Introduction to Matplotlib - A Beginner’s Guide to Effective Plotting

What is matplotlib? And why?

Introduction to Matplotlib - A Beginner’s Guide to Effective Plotting

What is matplotlib? And why?

Well, it is a library that is built using Python to create static, animated, and interactive visualizations. Matplotlib is a widely-used library in various roles across different fields that require data visualization. Here are some career roles where Matplotlib is commonly used.

Ex:- Data Scientist, Data Analyst, Machine Learning Engineer, Business Analyst, Statistician and many more.

This is often used in feature engineering in machine learning. Here are some common ways it is utilized.

  1. Visualizing Data Distributions - Matplotlib can create histograms, box plots, and density plots to understand the distribution of features, identify outliers, and decide if any transformation is needed.
  2. Exploring Relationships Between Variables — Scatter plots, pair plots, and heatmaps can reveal correlations and interactions between features.
  3. Evaluating Feature Importances: Bar plots can be used to visualize feature importance scores, which can help in feature selection.

Let’s understand some basics of Matplotlib.

Figure

In Matplotlib, a Figure is the container for all plot elements. It contains one or more Axes (the plots or subplots) and other special elements like titles, legends, and colorbars.

1. Creating an Empty Figure

import matplotlib.pyplot as plt 
 
fig = plt.figure()  # an empty figure with no Axes 
 
plt.show()

Run this code using python file_name.py And you will see this output

Empty figure
  • This code creates an empty figure. A figure is essentially the canvas or the space in which you’ll draw your plots. However, this figure has no Axes (plots) initially.

2. Creating a Figure with a Single Axes

import matplotlib.pyplot as plt 
 
fig, ax = plt.subplots()  # a figure with a single Axes 
 
plt.show()

Run the code and you will see this.

  • plt.subplots() creates a new figure and a single subplot (Axes) inside it.
  • fig is the Figure object, and ax is the Axes object where you can plot data.

Sometimes you may be struggling since you don’t know what Axes is. Don’t worry. I will explain it.

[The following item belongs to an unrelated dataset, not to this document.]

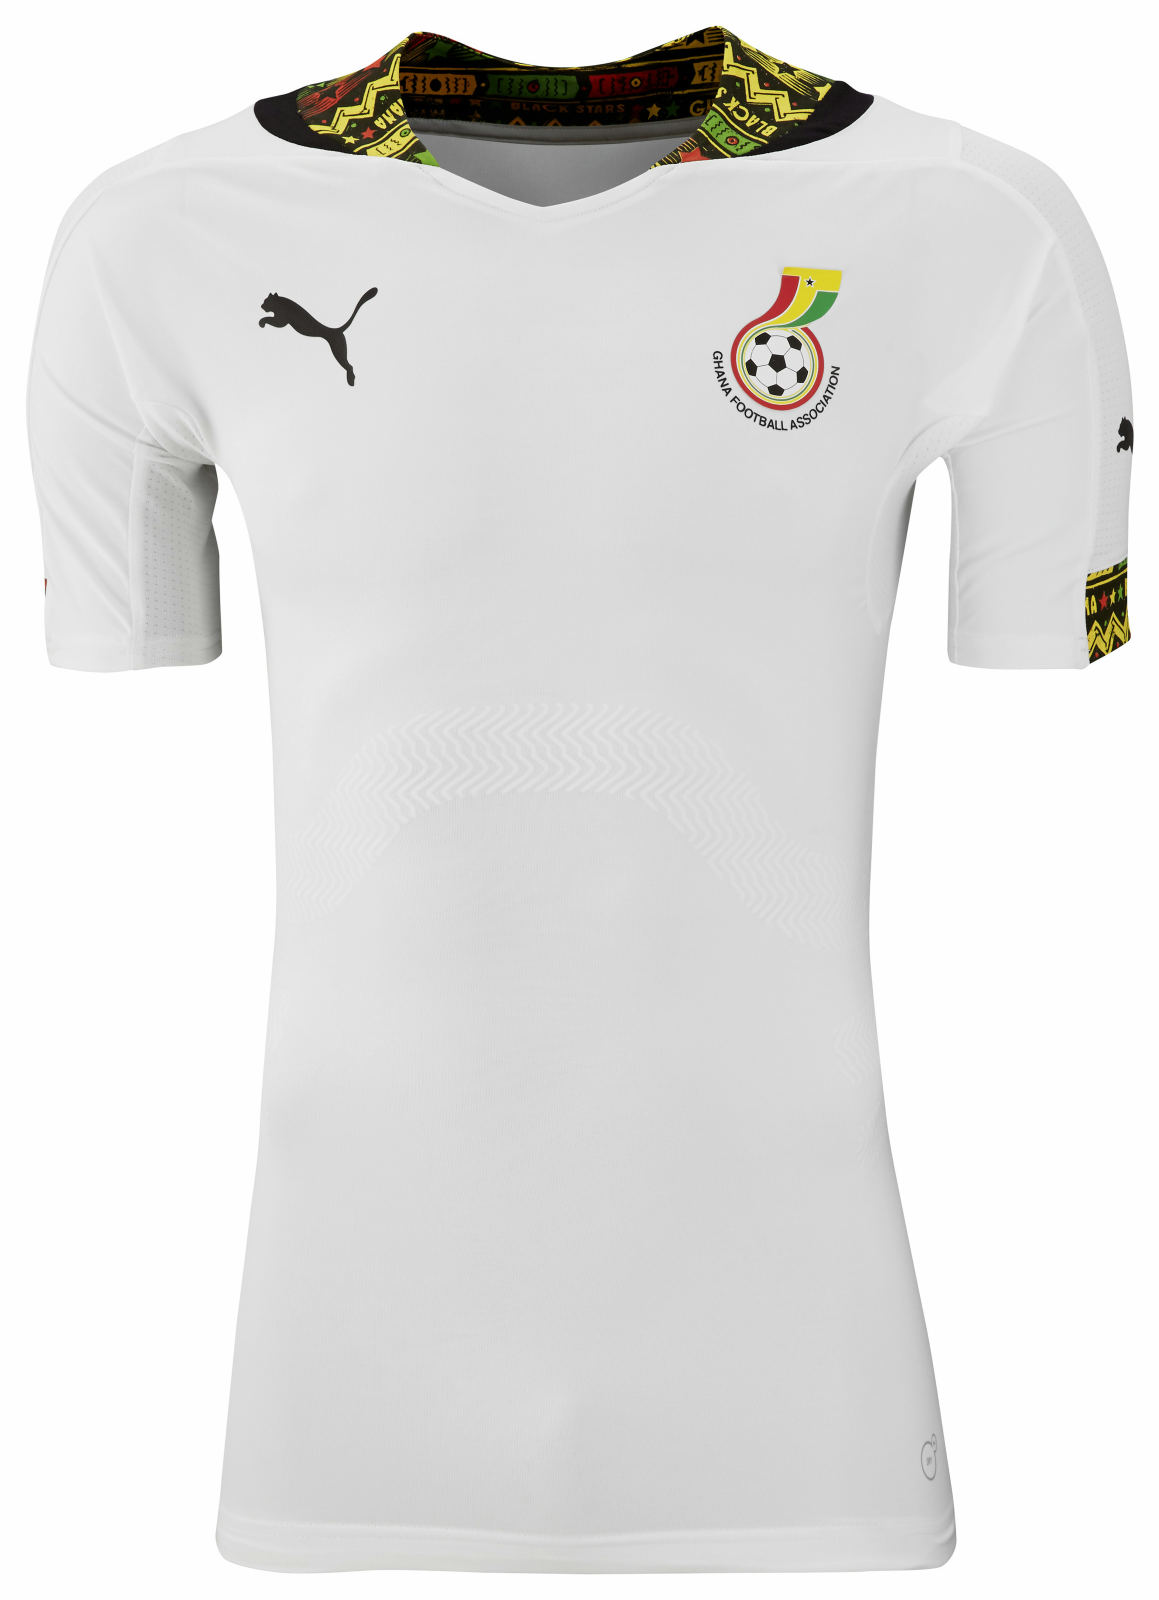 Ghana 2014 World Cup Jersey

In matplotlib, The term Axes refers to the entire plotting area or the subplot within a figure. An Axes object is a container that includes everything that you need for a plot, including:

  • The plot itself - Lines, bars, scatter points, etc.
  • X-axis and Y-axis - These are the horizontal and vertical lines that define the coordinate system for the plot.
  • Ticks - The markers along the axes that denote specific values.
  • Labels - Names of the axes (e.g., “Time”, “Price”).
  • Title - The title of the plot.
  • Gridlines - Lines that cross the plot, making it easier to see values.

In short, Axes is the region of the image with the data space, including all the elements that help in representing the data.

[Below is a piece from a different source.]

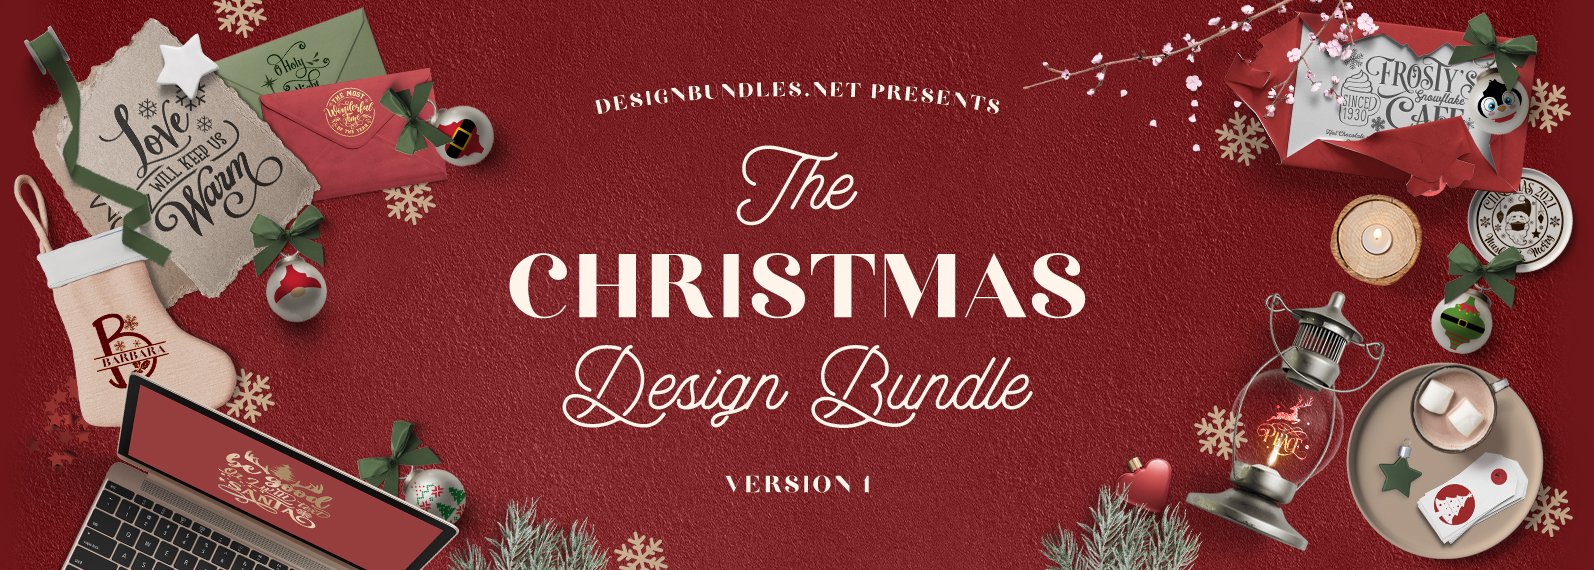 The Christmas Design Bundle 1 Cover

Hey Chanaka I’ve got the idea of Axes. So what about the Axis?

Okay, Lemme explains it.

The term Axis refers to the individual axis of the Axes object. There are usually two Axis objects in a standard 2D plot. The x-axis and the y-axis. Each Axis object is responsible for:

  • Drawing the axis line - The line that represents the axis.
  • Setting the ticks -The locations along the axis where labels are placed.
  • Setting the tick labels The labels for each tick.
  • Configuring the scale

An Axis object is a part of the Axes object and handles the specifics of the individual coordinate axis.

3. Creating a Figure with a 2x2 Grid of Axes

import matplotlib.pyplot as plt 
 
fig, axs = plt.subplots(2, 2)  # a figure with a 2x2 grid of Axes 
 
plt.show()

Run the code, and you will see this

  • This code creates a figure with a grid of 4 subplots arranged in 2 rows and 2 columns.

4. Creating a Figure with a Custom Layout Using subplot_mosaic

import matplotlib.pyplot as plt 
 
fig, axs = plt.subplot_mosaic([['left', 'right_top'], 
                               ['left', 'right_bottom']]) 
 
plt.show()

Run the code and you will see this

  • plt.subplot_mosaic allows you to create a custom layout for your subplots.
  • In this example, the layout consists of one subplot named 'left' that spans the left column, and two subplots named 'right_top' and 'right_bottom' in the right column.
  • In inner two arrays, you can see the same name left . That is telling us “Hey I will draw a subplot named left in the first column”. And the other two names are different. It is telling us “Hey I will draw two subplots in the second column named right_top and right_bottom”.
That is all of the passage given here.